What to do:
Without including any pictures, reproduce the full listing exactly.

Dataset section:
>>>>

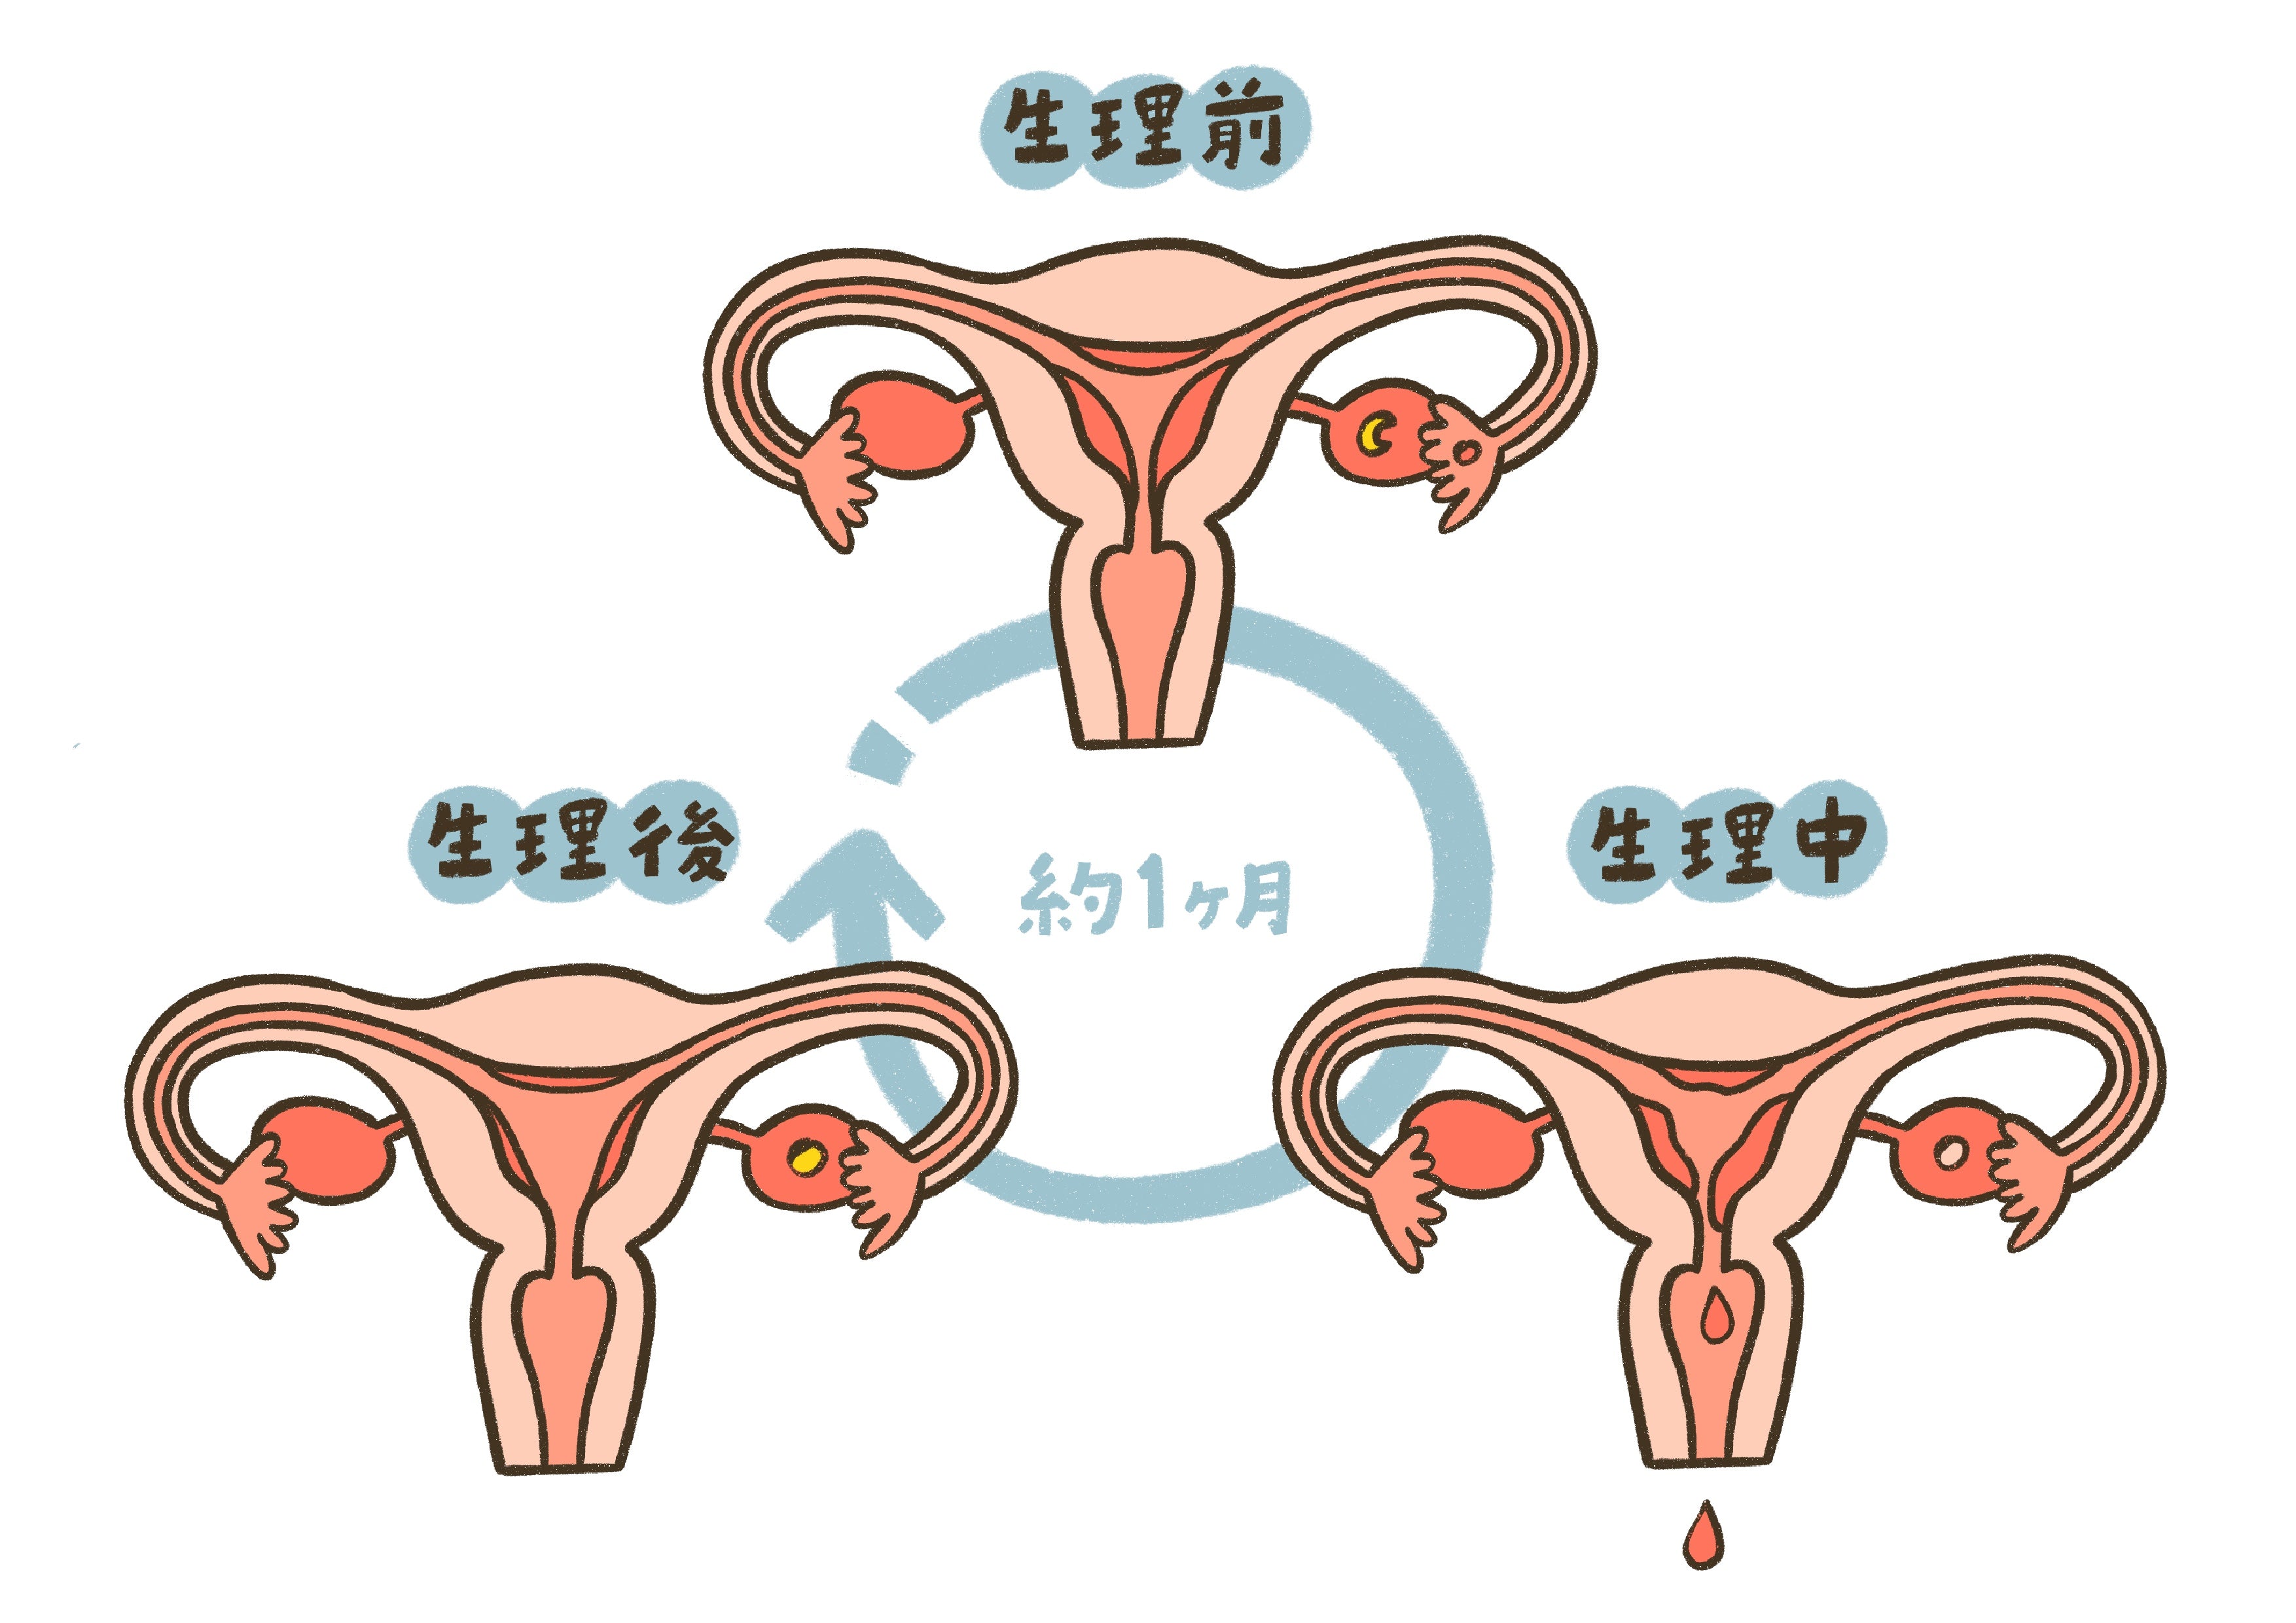 生理中や生理前後の子宮の状態
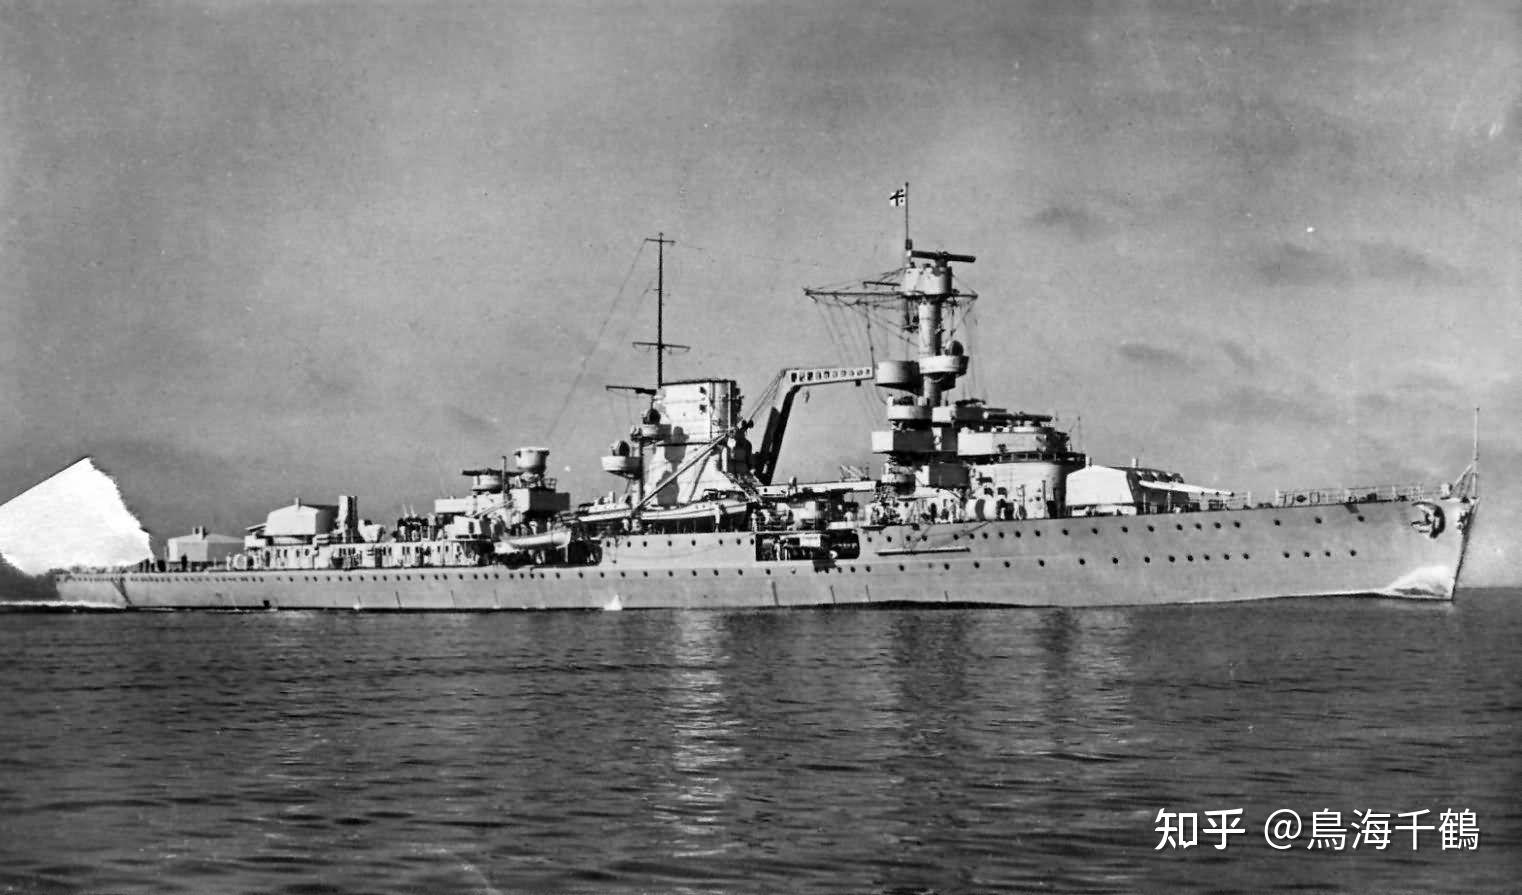 这就是魏玛德国的最后一艘巡洋舰—莱比锡号轻巡洋舰(leipzig)
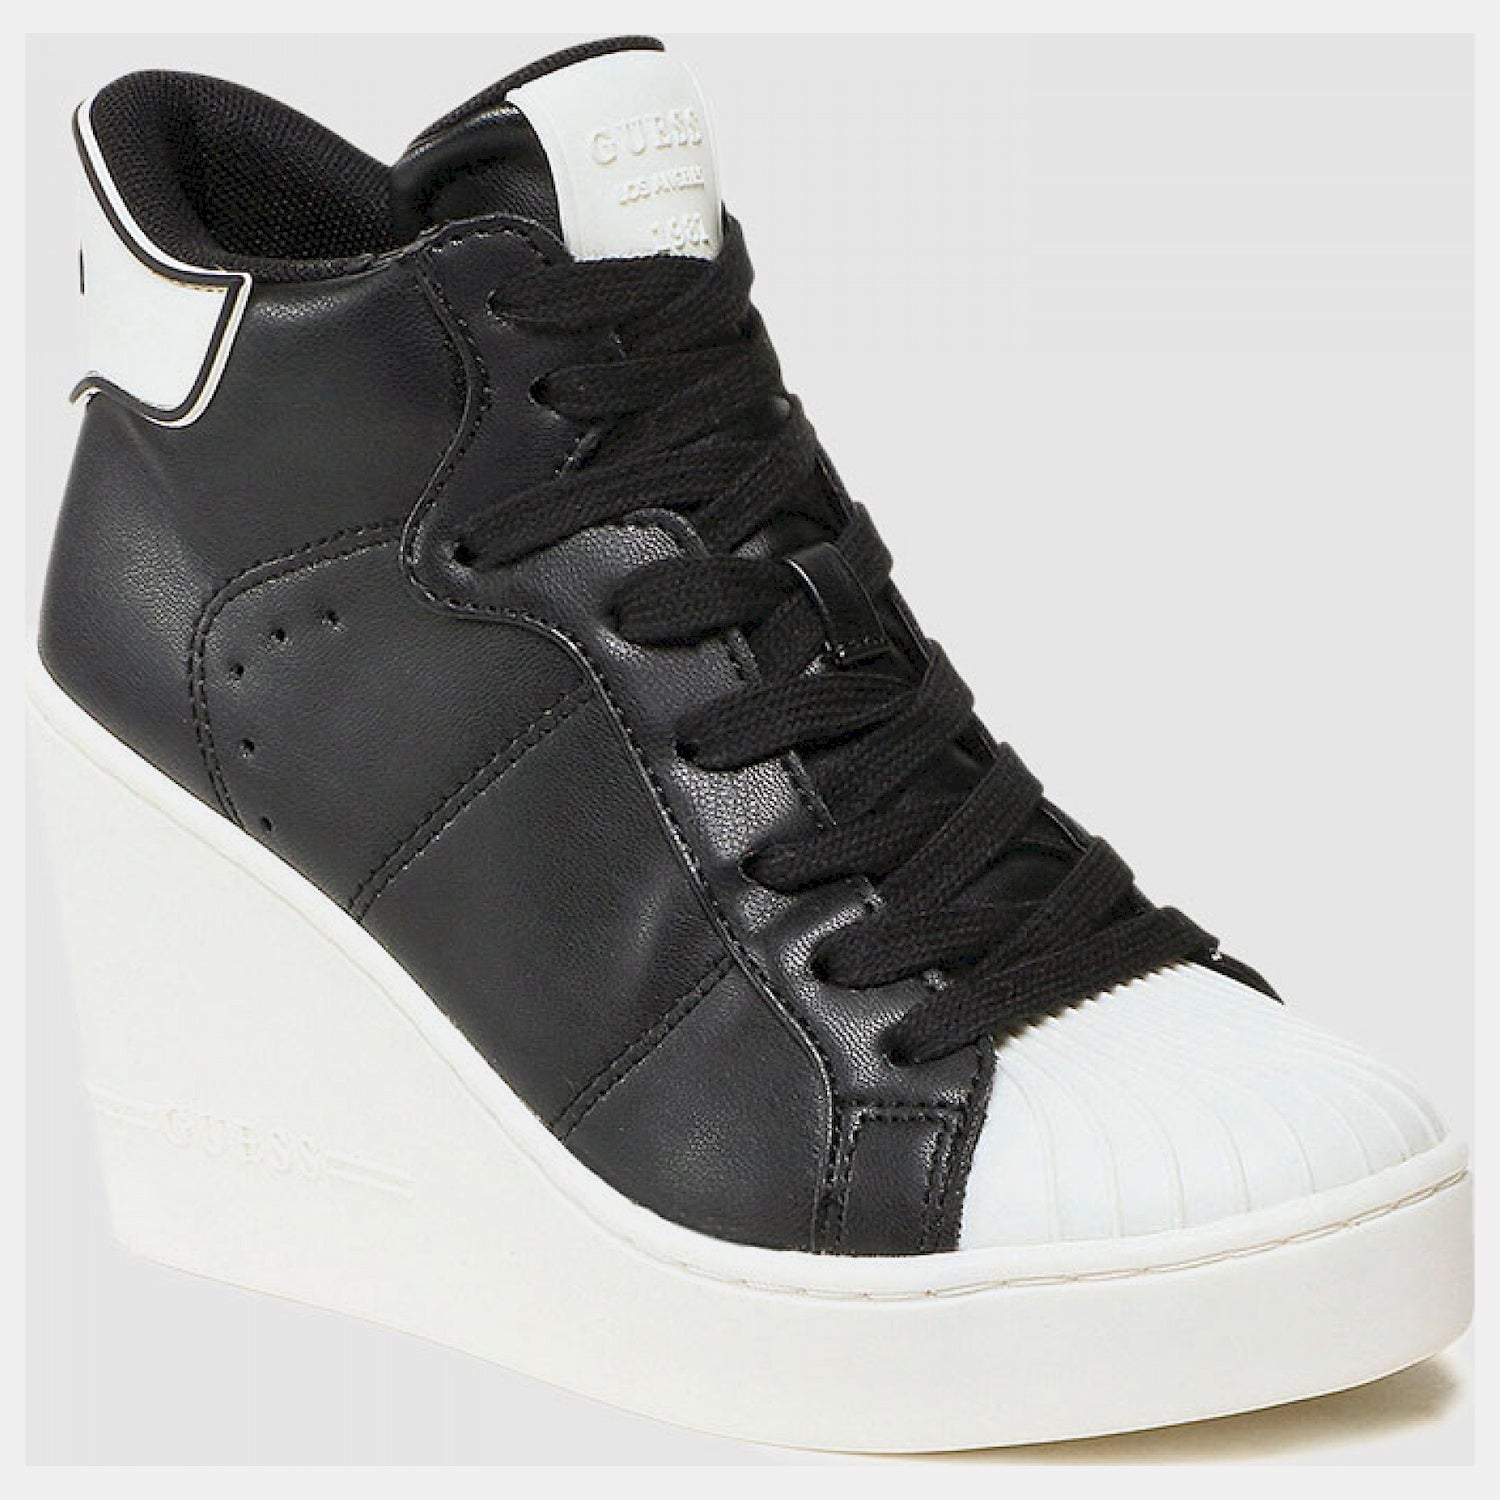 Guess Sapatilhas Bota Sneakers Boots Fl7antlea12 Black Preto_shot1

<<<<

Result for this task:
 生理中や生理前後の子宮の状態
 这就是魏玛德国的最后一艘巡洋舰—莱比锡号轻巡洋舰(leipzig)
 Guess Sapatilhas Bota Sneakers Boots Fl7antlea12 Black Preto_shot1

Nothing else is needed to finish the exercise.